EndNoteFind the style here: output styles overview
Mendeley, Zotero, Papers, and othersThe style is either built in or you can download a CSL file that is supported by most references management programs.
BibTeXBibTeX syles are usually part of a LaTeX template. Check the instructions to authors if the publisher offers a LaTeX template for this journal.

Journal articles

Those examples are references to articles in scholarly journals and how they are supposed to appear in your bibliography.

Not all journals organize their published articles in volumes and issues, so these fields are optional. Some electronic journals do not provide a page range, but instead list an article identifier. In a case like this it's safe to use the article identifier instead of the page range.

A journal article with 1 author
Gwynne, P. (2013). Technology: Mobility machines. Nature 503, S16-7.
A journal article with 2 authors
Lincoln, T. A., and Joyce, G. F. (2009). Self-sustained replication of an RNA enzyme. Science 323, 1229–1232.
A journal article with 3 authors
Wang, Z., Szolnoki, A., and Perc, M. (2013). Optimal interdependence between networks for the evolution of cooperation. Sci. Rep. 3, 2470.
A journal article with 7 or more authors
Baker, A. C., Starger, C. J., McClanahan, T. R., and Glynn, P. W. (2004). Coral reefs: corals’ adaptive response to climate change. Nature 430, 741.

Books and book chapters

Here are examples of references for authored and edited books as well as book chapters.

An authored book
McMaster, M. C. (2005). LC/MS. Hoboken, NJ: John Wiley & Sons, Inc.
An edited book
Brils, J., Brack, W., Müller-Grabherr, D., Négrel, P., and Vermaat, J. E. eds. (2014). Risk-Informed Management of European River Basins. Berlin, Heidelberg: Springer.
A chapter in an edited book
Shmaliy, Y. (2007). “LTI Systems in the Frequency Domain (Transform Analysis),” in Continuous-Time Systems, ed. Y. Shmaliy (Dordrecht: Springer Netherlands), 239–347.

Web sites

Sometimes references to web sites should appear directly in the text rather than in the bibliography. Refer to the Instructions to authors for Frontiers in Drug Metabolism and Transport.

Blog post
Andrew, E. (2013). Several Cancers Caused By The Same Genetic Mutations. IFLScience. Available at: [Accessed October 30, 2018].

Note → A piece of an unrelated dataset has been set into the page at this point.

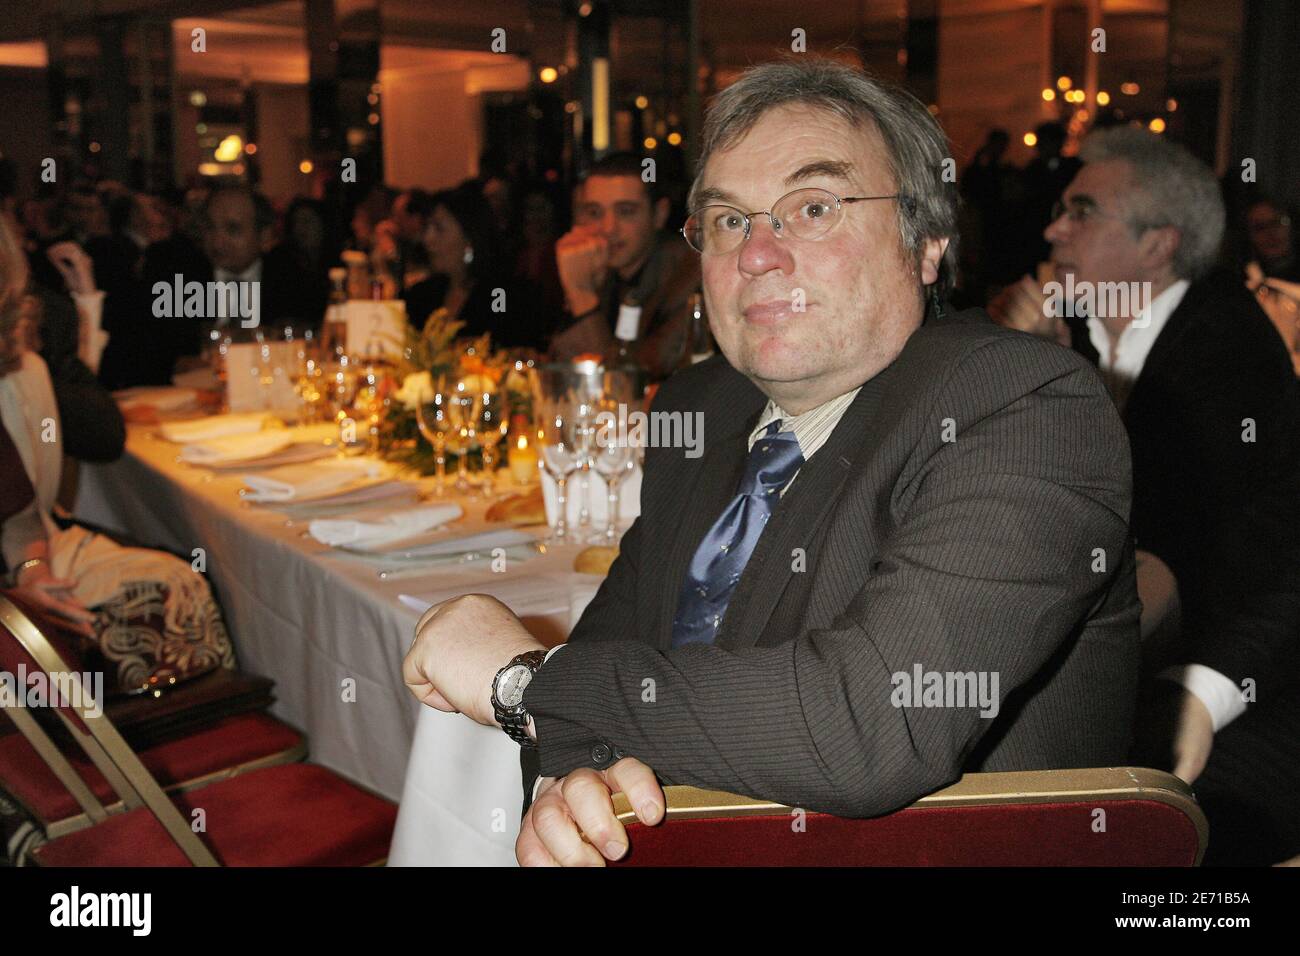 French philosoph Robert Redeker attends the CRIF Annual dinner, held at the Pavillon d'Armenonville in Paris, France, on January 23, 2007. Photo by Thierry Orban/ABACAPRESS.COM Stock Photo
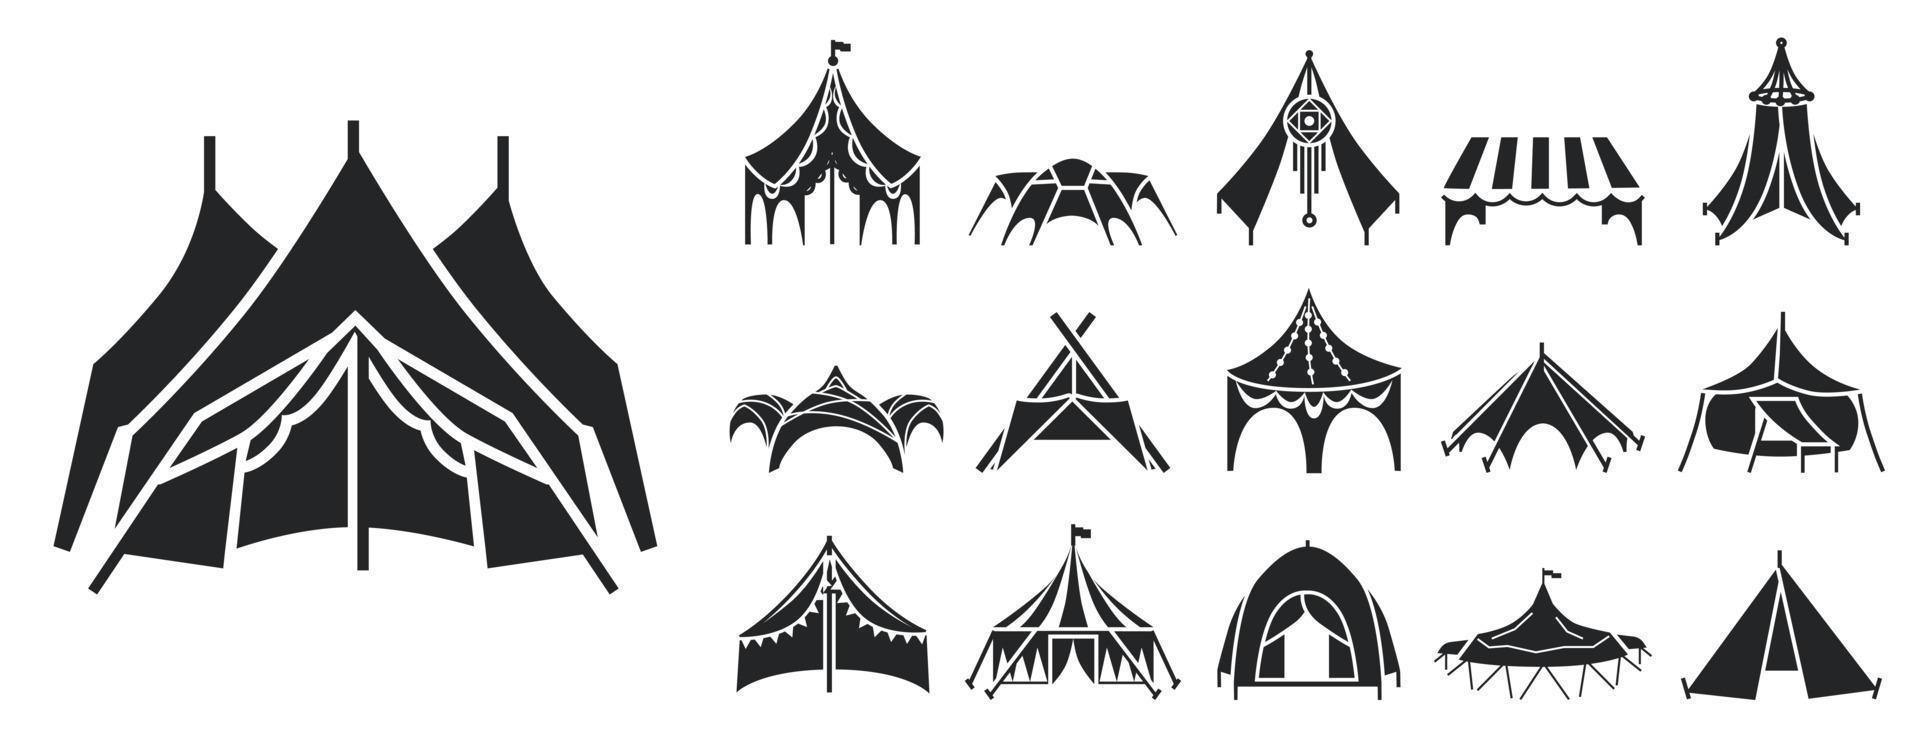 Canopy icon set, simple style vector

This example shows the general structure used for government reports, technical reports, and scientific reports. If you can't locate the report number then it might be better to cite the report as a book. For reports it is usually not individual people that are credited as authors, but a governmental department or agency like "U. S. Food and Drug Administration" or "National Cancer Institute".

Government report
Government Accountability Office (1992). The Job Training Partnership Act: Abuse of On-The-Job Training and Other Contracting Is an Ongoing Problem. Washington, DC: U.S. Government Printing Office.

Theses and dissertations

Theses including Ph.D. dissertations, Master's theses or Bachelor theses follow the basic format outlined below.

Doctoral dissertation
Hardiman, B. S. (2012). Resilience of Forest Carbon Storage through Disturbance and Succession.

News paper articles

Unlike scholarly journals, news papers do not usually have a volume and issue number. Instead, the full date and page number is required for a correct reference.

New York Times article
Koblin, J., and Grynbaum, M. M. (2017). An Anchor Becomes the News. New York Times, B1.

In-text citations

References should be cited in the text by name and year in parentheses:

This sentence cites one reference (Gwynne, 2013).
This sentence cites two references (Lincoln and Joyce, 2009; Gwynne, 2013).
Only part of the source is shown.